De acordo com a lei, o controle deverá ser realizado por meio de sistema de identificação, com o emprego de tecnologias de captura, armazenamento e transmissão eletrônica de dados. A implementação será feita no prazo gradual de três anos.

"Além de informações relativas ao lote e à data de validade, o sistema fará a identificação única de cada caixa de medicamento, funcionando como um RG para o produto", detalha o diretor-presidente em exercício da Anvisa, Dirceu Barbano.

O diretor ressalta a importância da Lei para o país. "No prazo final de três anos, quando o sistemas estiver implementado em sua totalidade, o controle de medicamentos no Brasil atingirá níveis de excelência, garantindo, além da rastreabilidade, um monitoramento eficaz sobre o uso e prescrição destes produtos". Eles acrescenta que as melhorias instituídas não devem implicar no aumento de custo do medicamento para o consumidor.

- Histórico

A criação de mecanismos mais eficazes para o rastreamento de medicamentos é parte integrante do Plano Nacional de Prevenção e Combate à Falsificação de Medicamentos da Anvisa e do Ministério da Saúde.

O monitoramento de medicamentos para uso humano, no país, apresentou avanços significativos nos últimos anos. Em 2002, foi publicada a Portaria 802/98, que instituiu o Sistema de Controle e Fiscalização, para toda a cadeia dos produtos farmacêuticos.

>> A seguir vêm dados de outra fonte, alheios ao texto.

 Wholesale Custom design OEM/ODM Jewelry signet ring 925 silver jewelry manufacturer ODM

A popular “raspadinha” (tinta reativa que auxilia na averiguação da autenticidade de medicamentos), a inviolabilidade das embalagens e a identificação do número do lote nas transações comerciais são algumas das inovações que a norma trouxe.

Ainda em 2002, a Resolução RDC nº. 320 determinou que as distribuidoras de produtos farmacêuticos passassem a efetuar as transações comerciais e operações de circulação por meio de notas fiscais que contivessem obrigatoriamente o número de lote do produto.

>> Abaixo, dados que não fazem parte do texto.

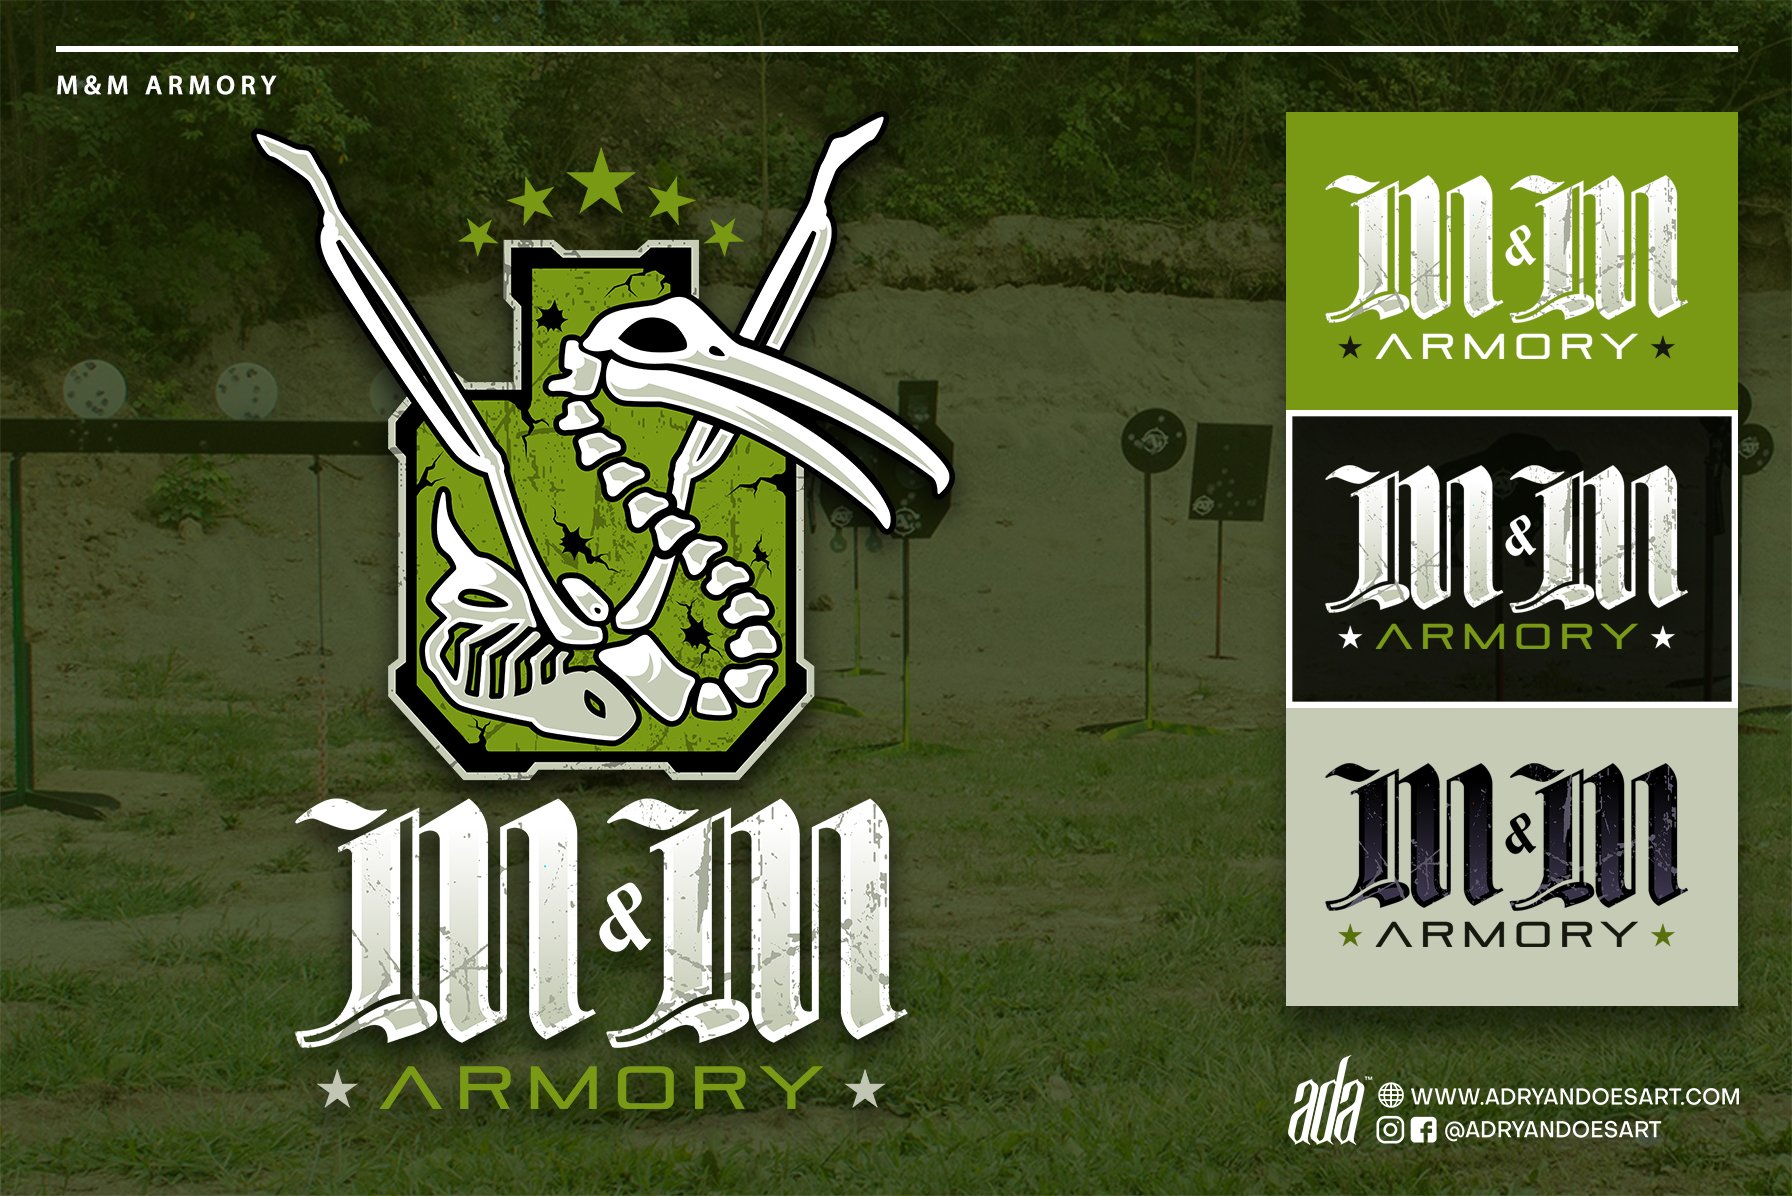 ADA-Website_Slideshow-Logos_MM-ARMORY.jpg

O Sistema Nacional de Gerenciamento de Produtos Controlados (SNGPC) foi instituído pela Anvisa no ano de 2007. Farmácias e drogarias que dispensam medicamentos controlados devem aderir à nova solução, que capta dados de todo o ciclo destes tipos de produtos.

“O SNGPC faz a captura de dados essenciais referentes à prescrição e à dispensação de medicamentos e de substâncias controladas. No entanto, a necessidade da inclusão do número do lote de cada unidade dispensada no sistema acarreta algumas dificuldades operacionais, podendo gerar algumas falhas, como erros de digitação, por exemplo”, explica o gerente substituto responsável pelo monitoramento da qualidade de medicamentos e produtos da Anvisa, Tiago Rauber.

Para cobrir a lacuna existente nos mecanismos de rastreabilidade dos medicamentos comercializados no país e identificar soluções passíveis de implementação, a Anvisa lançou a Consulta Pública n. 8, de 2008, que recebeu contribuições durante 60 dias.

O resultado da discussão foi apresentado para a Diretoria Colegiada da Anvisa (Dicol).
A apresentação contemplou diferentes alternativas de sistemas disponíveis no mercado para garantir a autenticidade e rastreabilidade de medicamentos.

De acordo com deliberação da Dicol, a definição final do modelo de sistema a ser implementado e sua respectiva tecnologia dependerá de análises de viabilidade técnica e econômica que serão realizadas por meio de estudos pilotos ainda neste ano.